Oil is sold by volume or weight, typically barrels or tons. By contrast, natural gas is sold by unit of energy. Common energy units include British Thermal Units (Btu), Therms, and Joules (J). Natural gas, when produced from the reservoir, contains majority methane plus various other hydrocarbons and, undesirably, some impurities. Natural gas liquids (NGLs), a term that includes ethane, propane, butane, and condensates, are composed of longer chains of carbon molecules than methane, and thus, per unit volume, they burn hotter than methane. Because they burn hotter, NGLs have a higher energy content than methane and even small quantities of NGLs in a natural gas flow can have a large impact on the overall energy contained in the natural gas. By contrast, impurities such as carbon dioxide, hydrogen sulphide and nitrogen are largely non-combustible. The presence of these compounds has the overall effect of reducing the energy content of the natural gas flow.

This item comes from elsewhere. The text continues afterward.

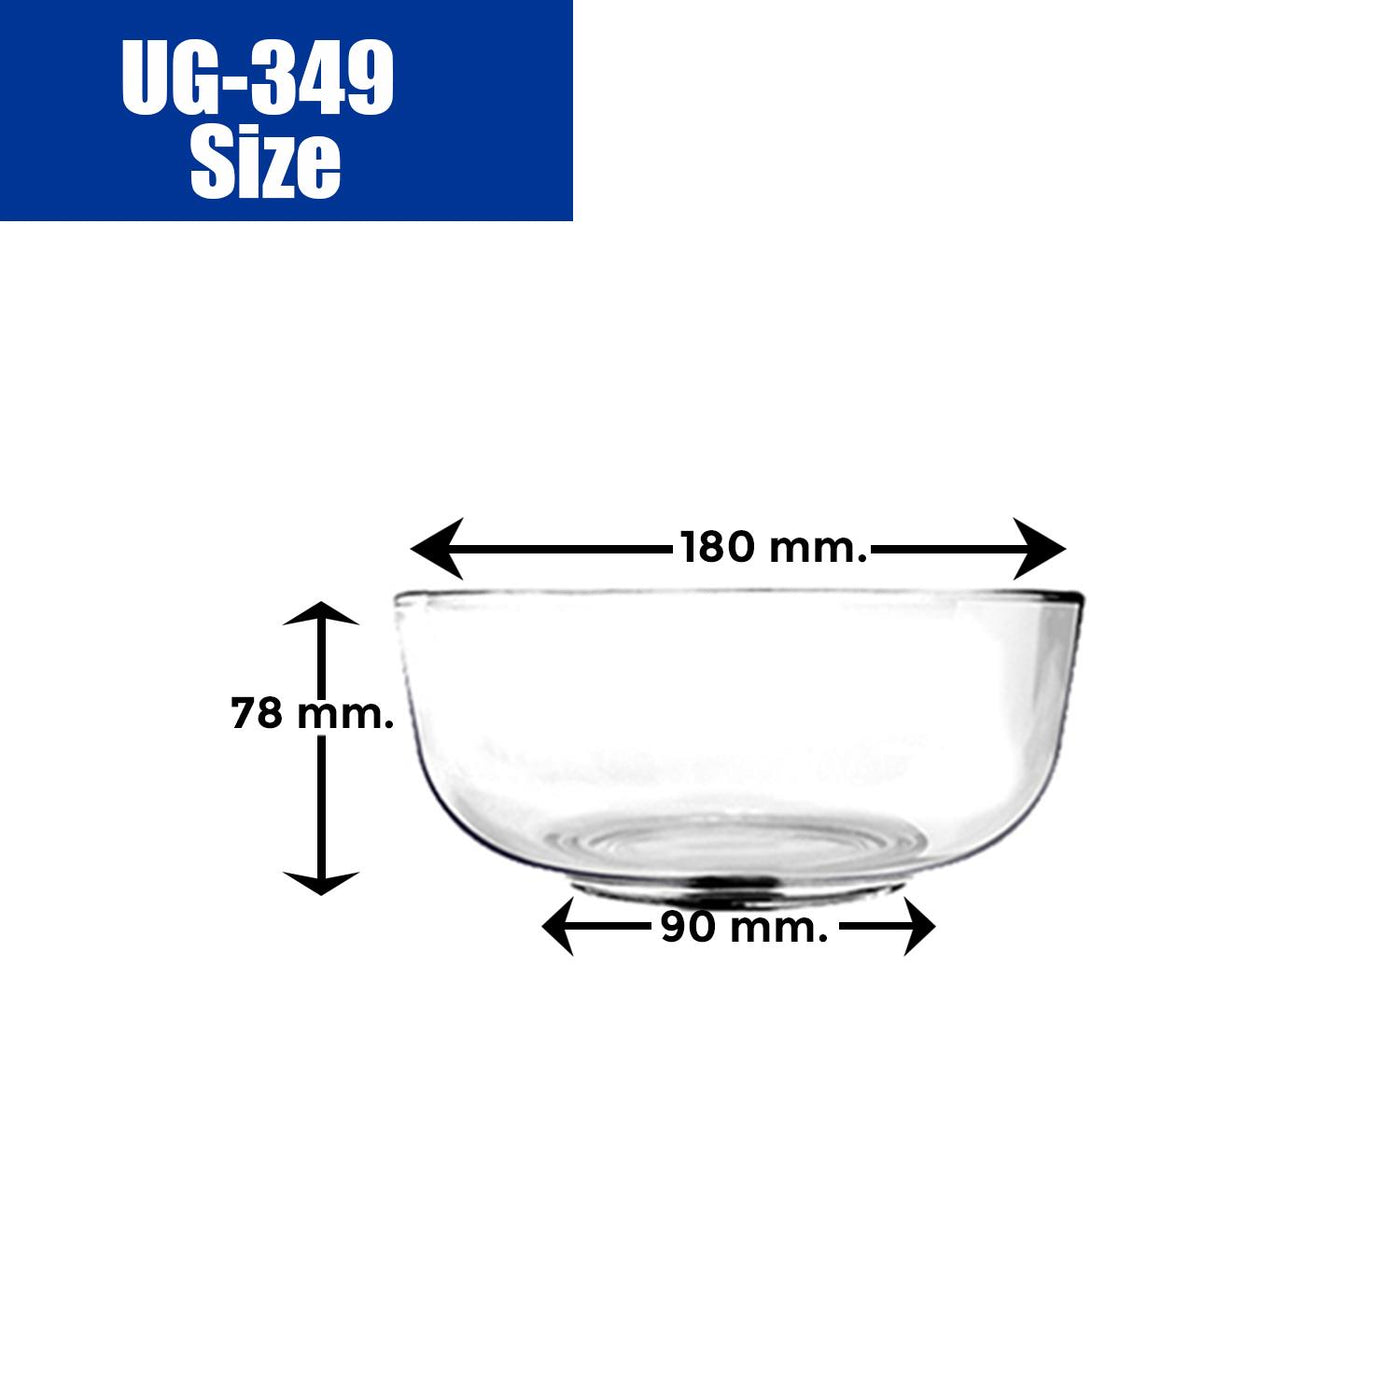 UNION GLASS Thailand Premium Clear Glass Bowl 1320 ml | 7 oz | 7" Set of 6

If sufficient quantities of NGLs exist in the natural gas, it is often more economic for the field operator to remove the NGLs from the natural gas flow for direct sale. NGLs are desired by global markets to produce various petrochemical products, to be blended with crude oil to make more valuable products, and can also be combusted directly. Readers would be familiar with using Liquefied Petroleum Gas (LPGs), which is a subsector of NGL containing propane and butane, for domestic cooking gas as well as transport fuel in many countries. NGLs prices tend to track crude oil prices and thus are much more valuable sold separately than sold with the majority methane natural gas flow. Removing NGLs requires relatively sophisticated gas processing units which may not be economic to construct if the particular natural gas flow does not contain sufficient quantities of the more valuable NGLs. Since NGLs are easier to transport than methane (which requires either a pipeline, or expensive compression or liquefaction transformation), NGL prices are more influenced by global prices. If NGL relative volumes are low, they are usually left in the natural gas stream and sold at gas prices.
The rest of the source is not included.